Lack of Communication
Another issue organizations continue to struggle with is communication about promotion practices. Among survey respondents:
• 63 percent do not feature or market promotion opportunities or activities as a key employee benefit when attempting to recruit new employees.
• 46 percent do not proactively share promotion guidelines or policies with employees unless asked.
• 21 percent do not share promotion guidelines or policies with employees under any circumstances.
The failure to communicate about promotions appears to be short-sighted, as more than 60 percent of respondents also believe that opportunities for promotion have a positive or extremely positive effect on employee engagement and motivation, the survey found. Moreover, the perceived effect on employee engagement increases as the amount of information shared with employees about promotions increases.

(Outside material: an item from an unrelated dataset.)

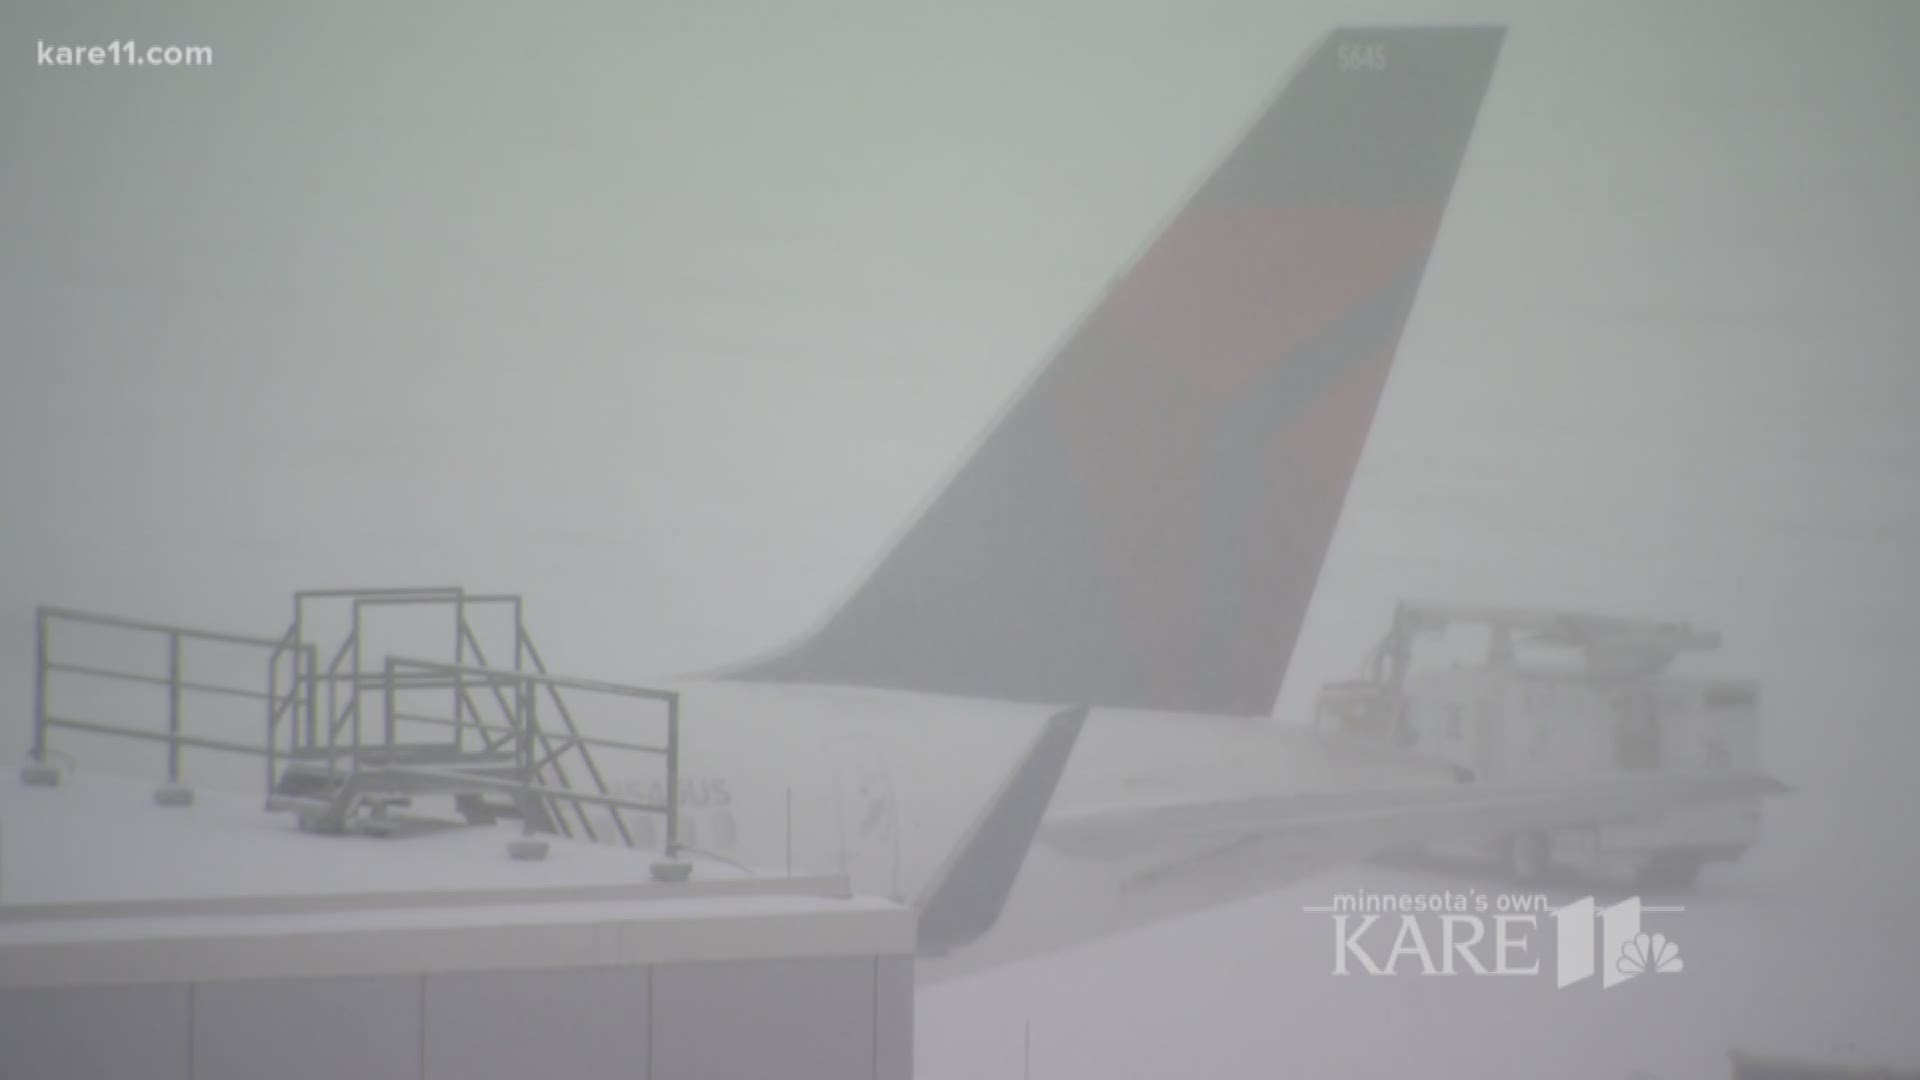 April blizzard grounds flights at MSP Airport
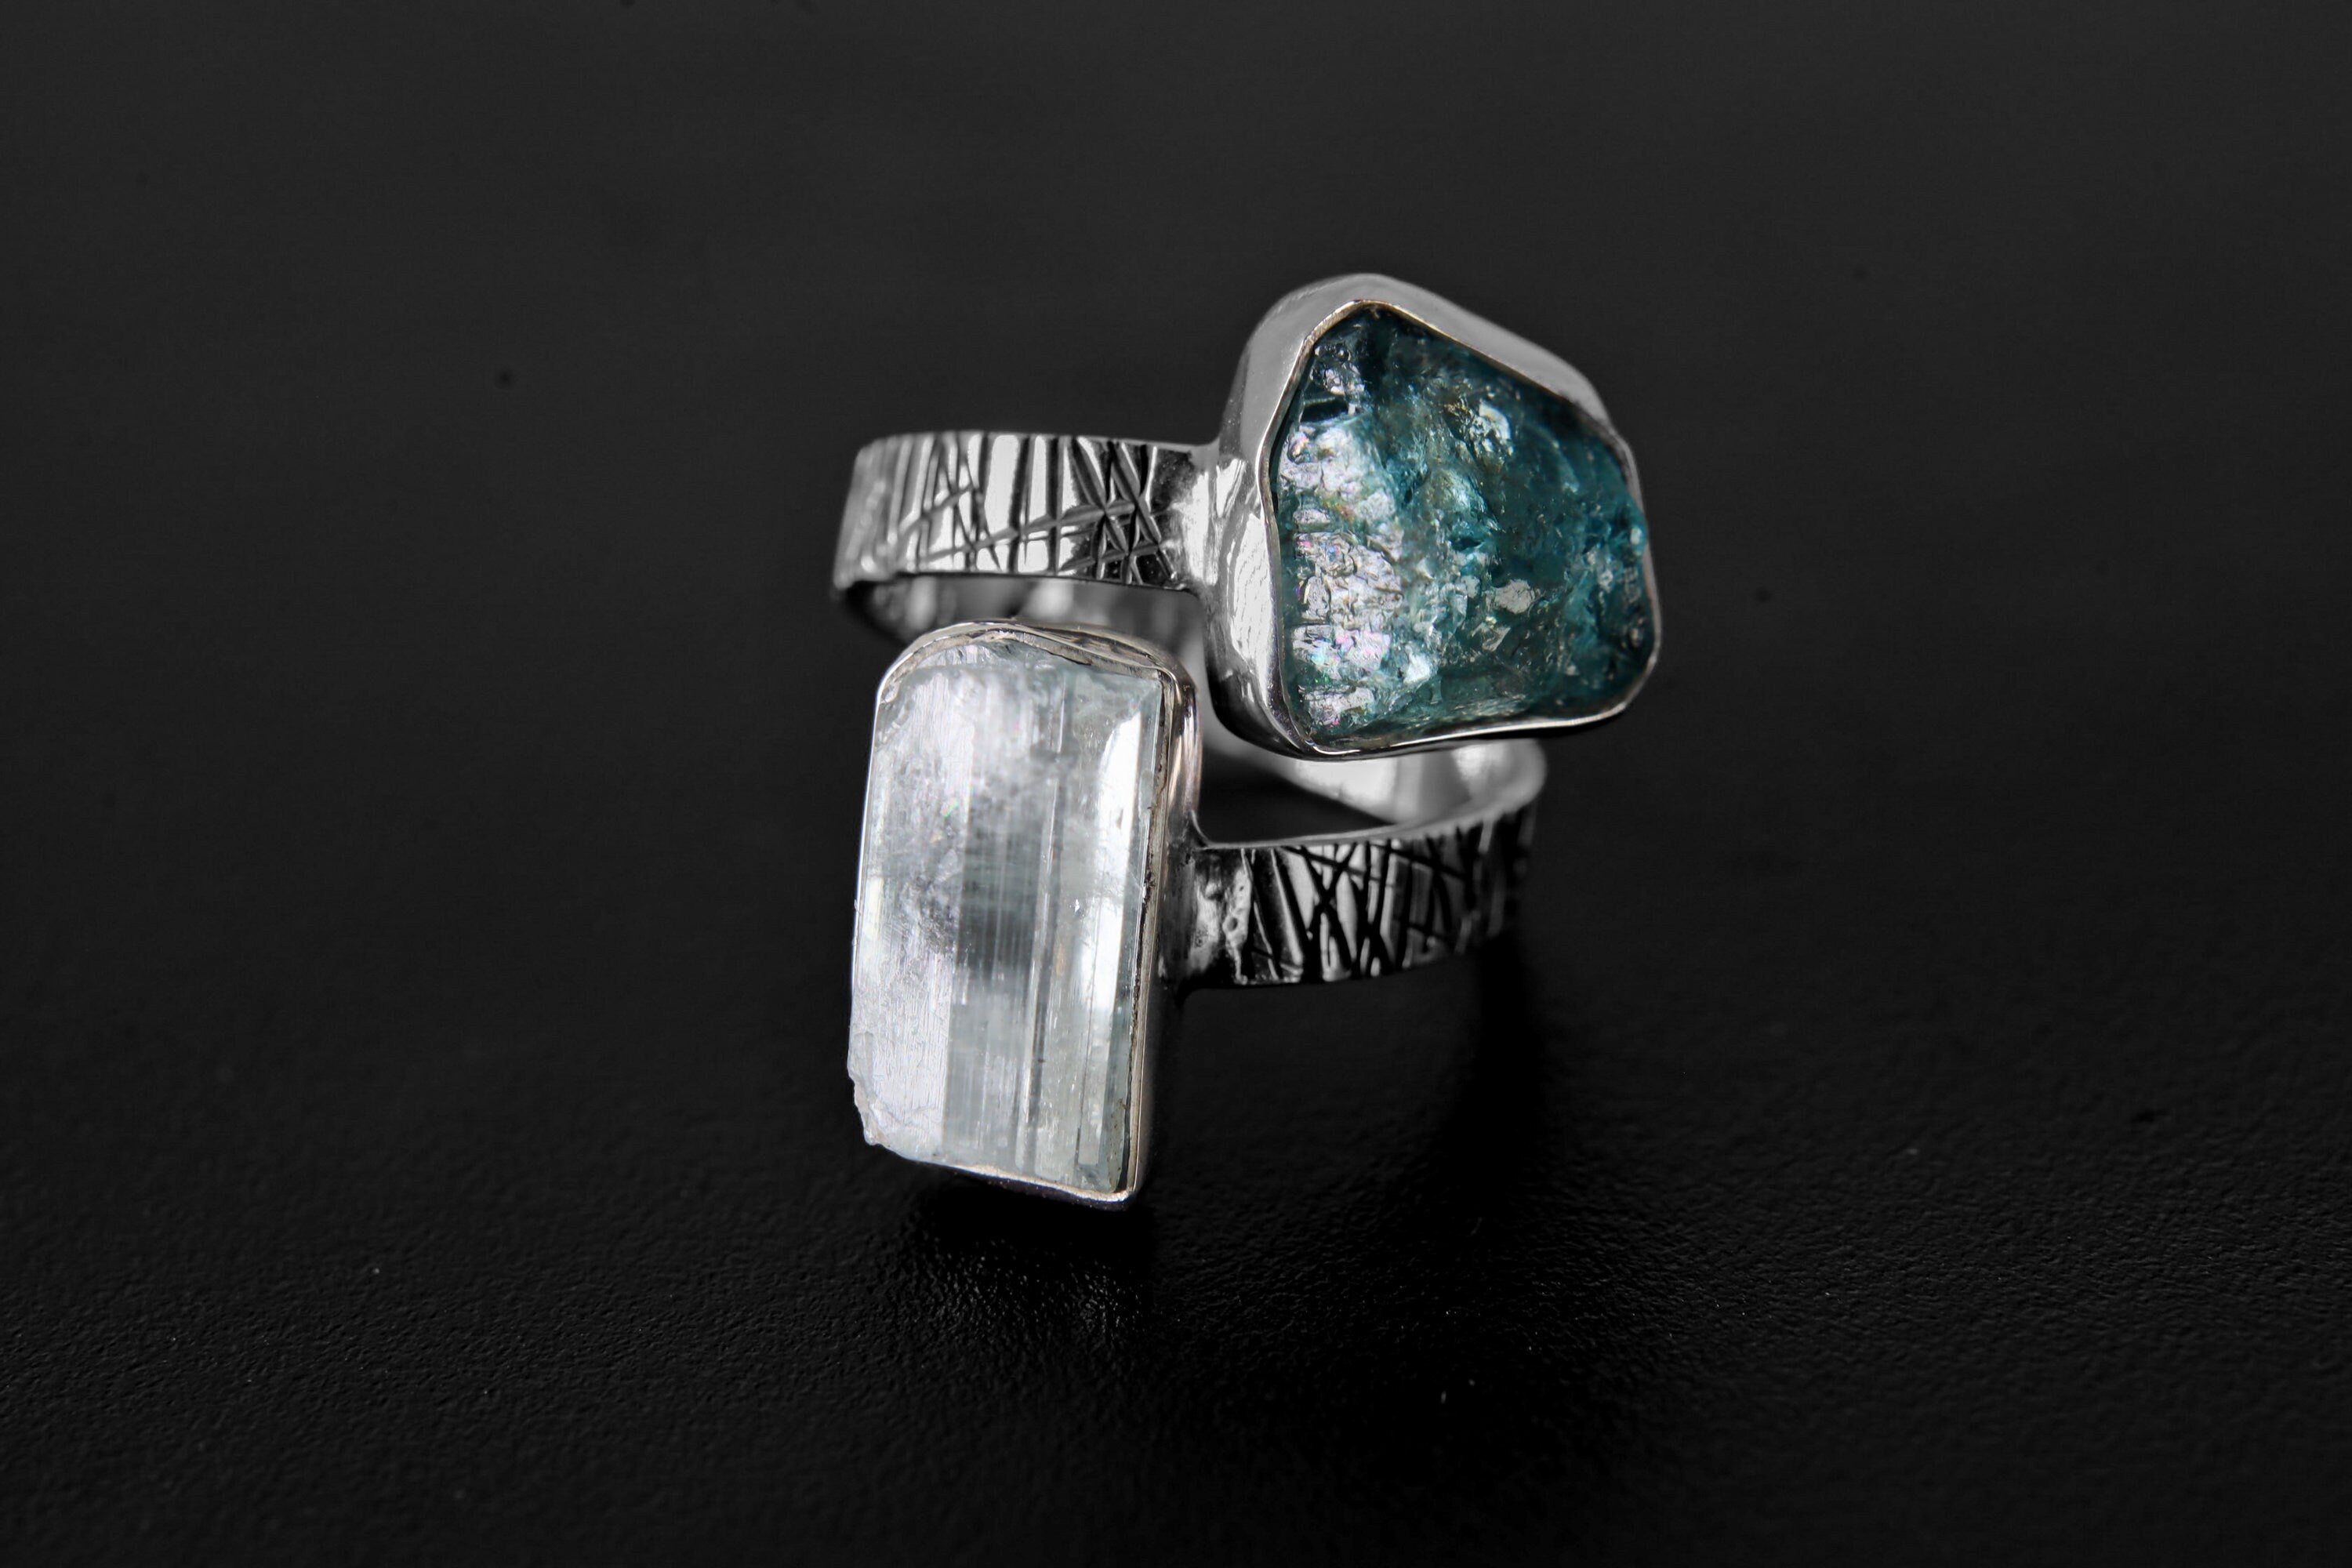 Gem Aquamarine, Blue Crystal Apatite - 925 Sterling Silver - Double Stone - Textured, High Shine Polish - Adjustable Open Ring Band

Why are so many organizations not sharing their promotion policies? “As a practical matter, many tend to tread lightly in this area simply due to the fact that only a relatively small percentage of employees actually receive a promotion on an annual basis,” Chou explained. “So to the extent that employers are actively ‘promoting’ their promotion guidelines, it may produce an unrealized expectation on the part of some employees that more promotions will be awarded than actually are, which could become a source of dissatisfaction.”
Organizations that do the best job in communicating their promotion guidelines “include the criteria on which promotions are based, so it’s clear to employees that a promotion isn’t just handed out to anyone.”